In the United States and Canada, Argylle was projected to gross $15–20 million from 3,605 theatres in its opening weekend. The film made $6.4 million on its first day, including $1.7 million from Thursday night previews. It went on to debut to $17.5 million, topping the box office, though The Hollywood Reporter noted that "if legacy Hollywood studios released a $200 million movie with results like these, they would be skewered" and questioned whether Apple could continue to release $200 million films without better box office returns. In its second weekend the film dropped 63% to $6.5 million, remaining in first place of a "moribund box office" weekend. Variety called its first two weeks’ gross "dismal". The film made $4.7 million in its third weekend, finishing behind newcomers Bob Marley: One Love and Madame Web.

===Critical response===
 Metacritic, which uses a weighted average, assigned the film a score of 35 out of 100, based on 56 critics, indicating "generally unfavorable" reviews. Audiences surveyed by CinemaScore gave the film an average grade of "C+" on an A+ to F scale, while those polled by PostTrak gave it a 3 out of 5 stars.

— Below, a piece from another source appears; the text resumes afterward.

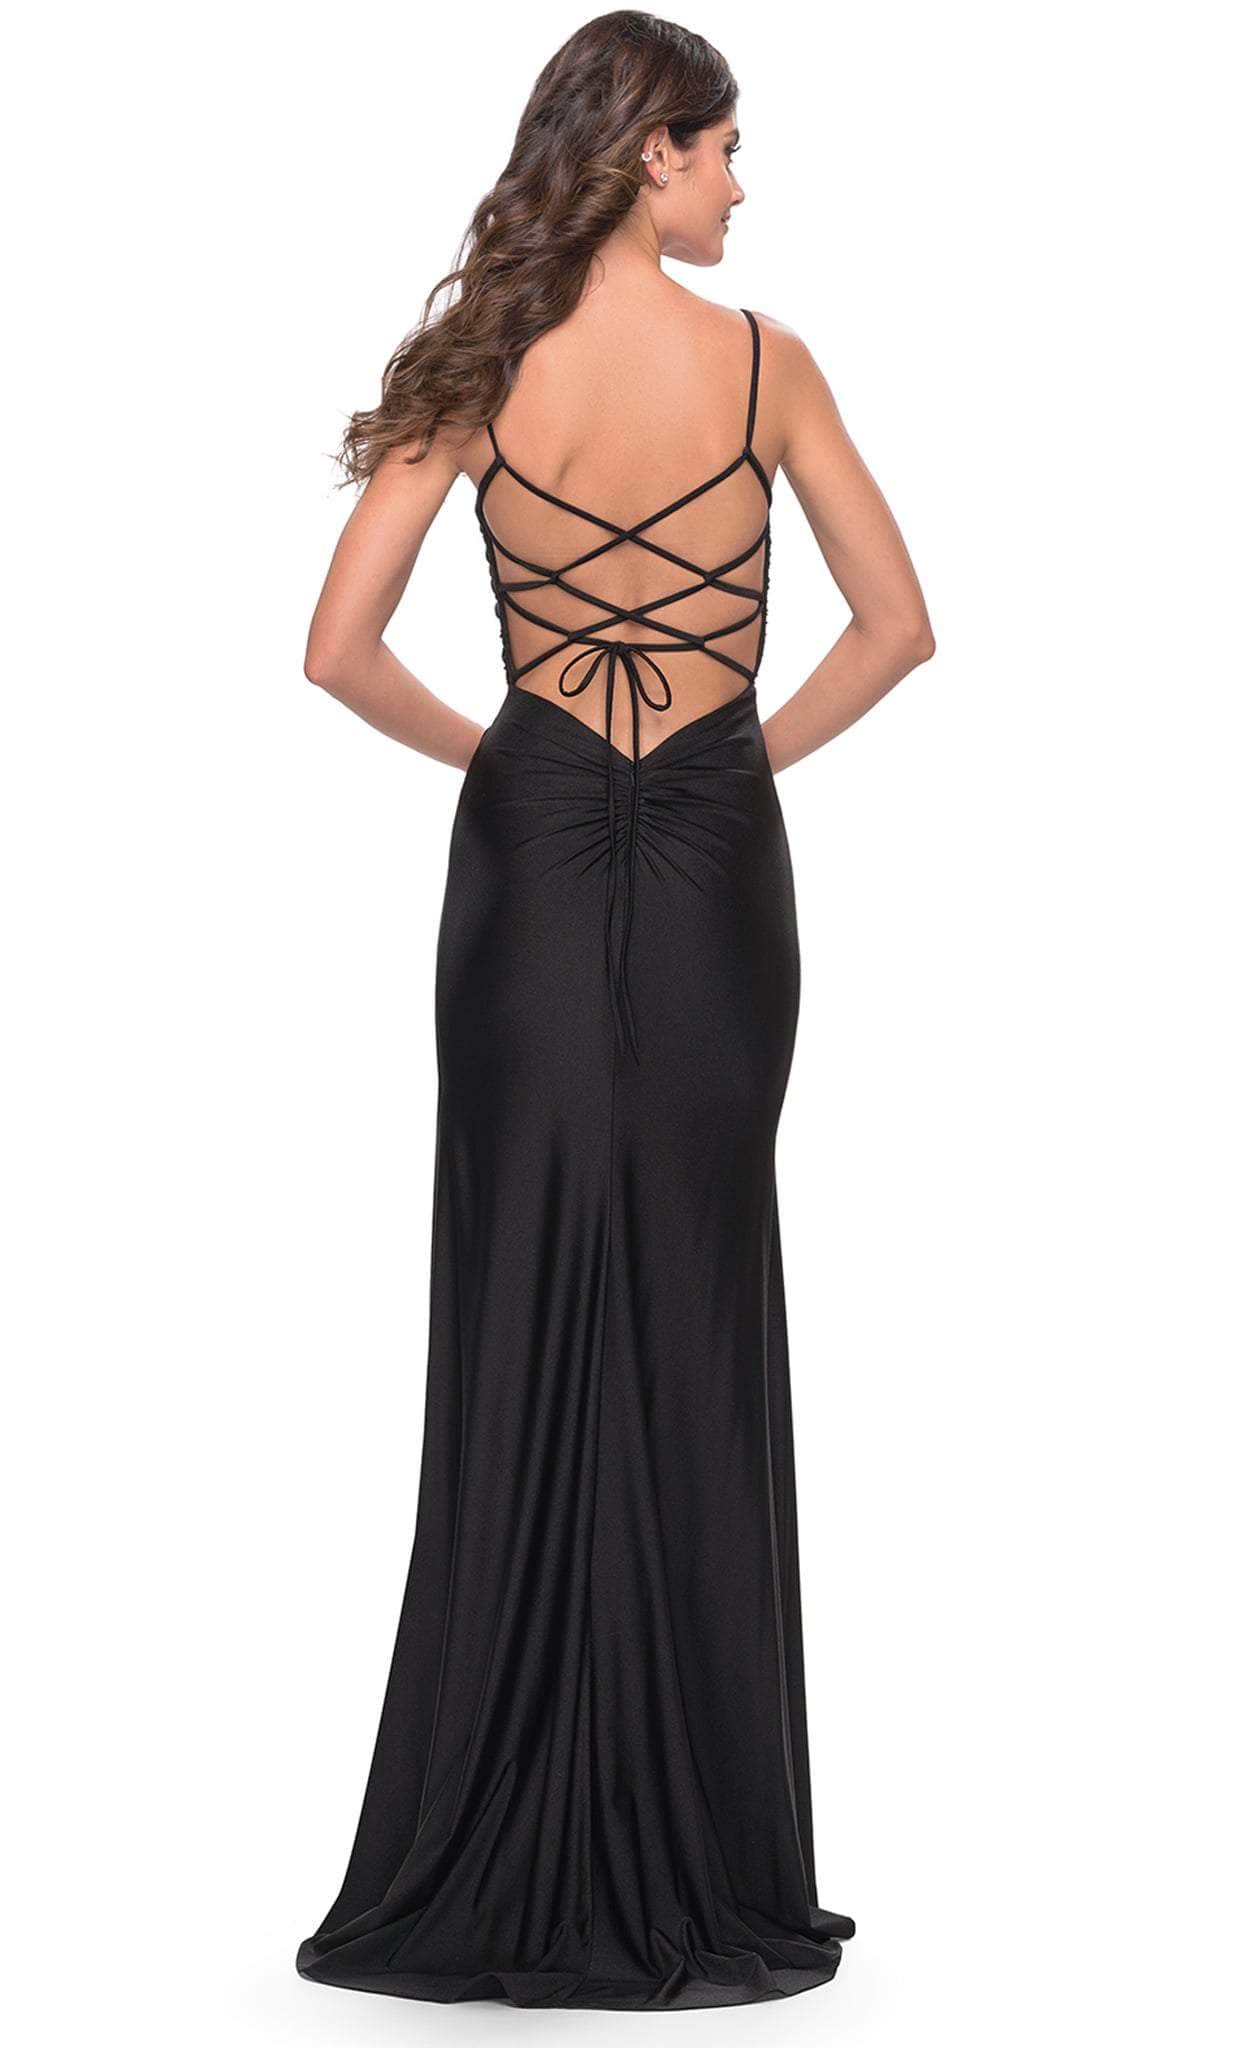 La Femme 31332 - Side Cutout Dress

Forbess Erik Kain noted that, in general, reviews criticised the film's length, number of plot twists, and use of CGI in action sequences, labelling it a parody of the genre. Brennan Klein of Screen Rant summarised the reviews as mixed, noting the polarised reception of the "meta" elements, while the cast received praise. Peter Bradshaw of The Guardian gave the film one star out of five and called it an "unbearably self-satisfied smirk of a spy caper from Matthew Vaughn"; various other reviews were also very negative. Jackson Weaver of CBC News conceded that the "movie's meta-backstory is much more interesting than its actual storyline, by a lot", while the Los Angeles Timess Katie Walsh, also quite critical of the film, mentioned its "amusing premise" and enjoyed Rockwell's presence.

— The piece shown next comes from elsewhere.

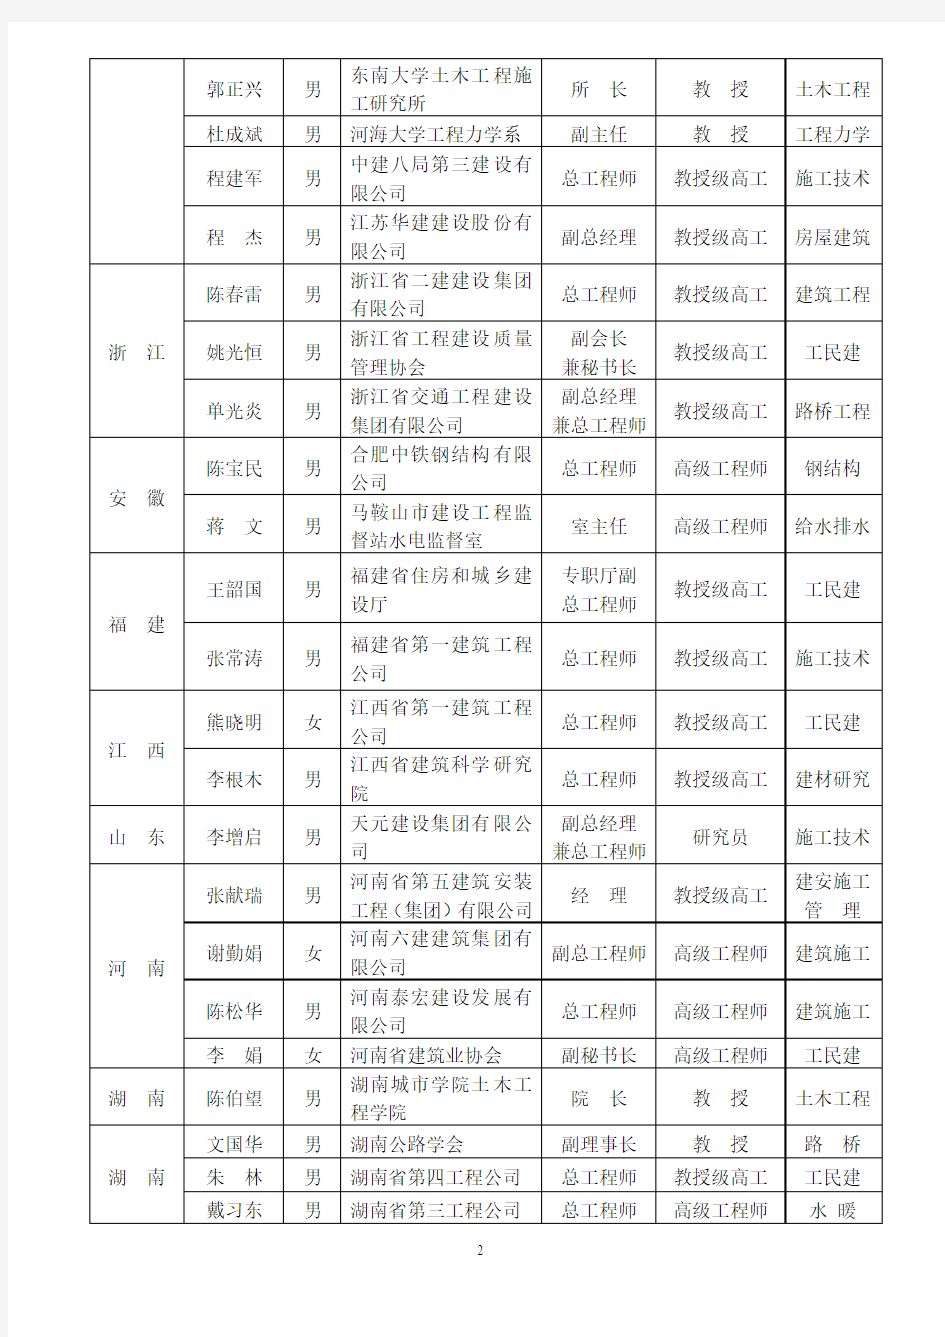 中国建筑业协会专家委员会第三批专家委员名单

Vaughn was surprised by the negative reviews, as test screenings had been well received, "I thought it was a fun, feel-good movie". He said the film did well on streaming and that he would be happy to make another one if he got the chance.

===Accolades===

| Award | Date of ceremony | Category | Recipient | Result | Ref. |
| Golden Raspberry Awards | February 28, 2025 | Worst Actress | Bryce Dallas Howard | Nominated |  |
| Worst Supporting Actress | Ariana DeBose | Nominated |
| International Film Music Critics Association | February 27, 2025 | Best Original Score for an Action/Adventure Film | Lorne Balfe | Nominated |  |
| Saturn Awards | February 2, 2025 | Best Action / Adventure Film | Argylle | Nominated |  |

==Future==
===Sequels===
In July 2021, it was announced that Argylle was intended to be first of a franchise of at least three films. In March 2022, it was confirmed that the first film would be followed by two sequels to complete a film trilogy. In October 2023, Vaughn confirmed plans to develop sequels, while stating that the second film would be a prequel, as "the first Argylle novel", exploring the origins of Argylle becoming a spy; while the third movie would follow additional installments. On the film's release, its mid-credits scene, after displaying a younger Argylle (portrayed by Louis Partridge) being recruited by Kingsman, displays a note onscreen stating, "Argylle: Book One – The Movie coming soon". In February 2024, Vaughn confirmed that the prequel film was in development with Louis Partridge starring as Argylle (as portrayed by Cavill) in his formative years.

===Shared universe===
In October 2023, Matthew Vaughn announced his plans to create a larger spy-themed universe through his Marv Studios, with that universe being interconnected and comprising the Kingsman franchise, the Argylle films, and an unnamed third franchise. He intended to have the new upcoming films in each series culminate in a crossover in the future.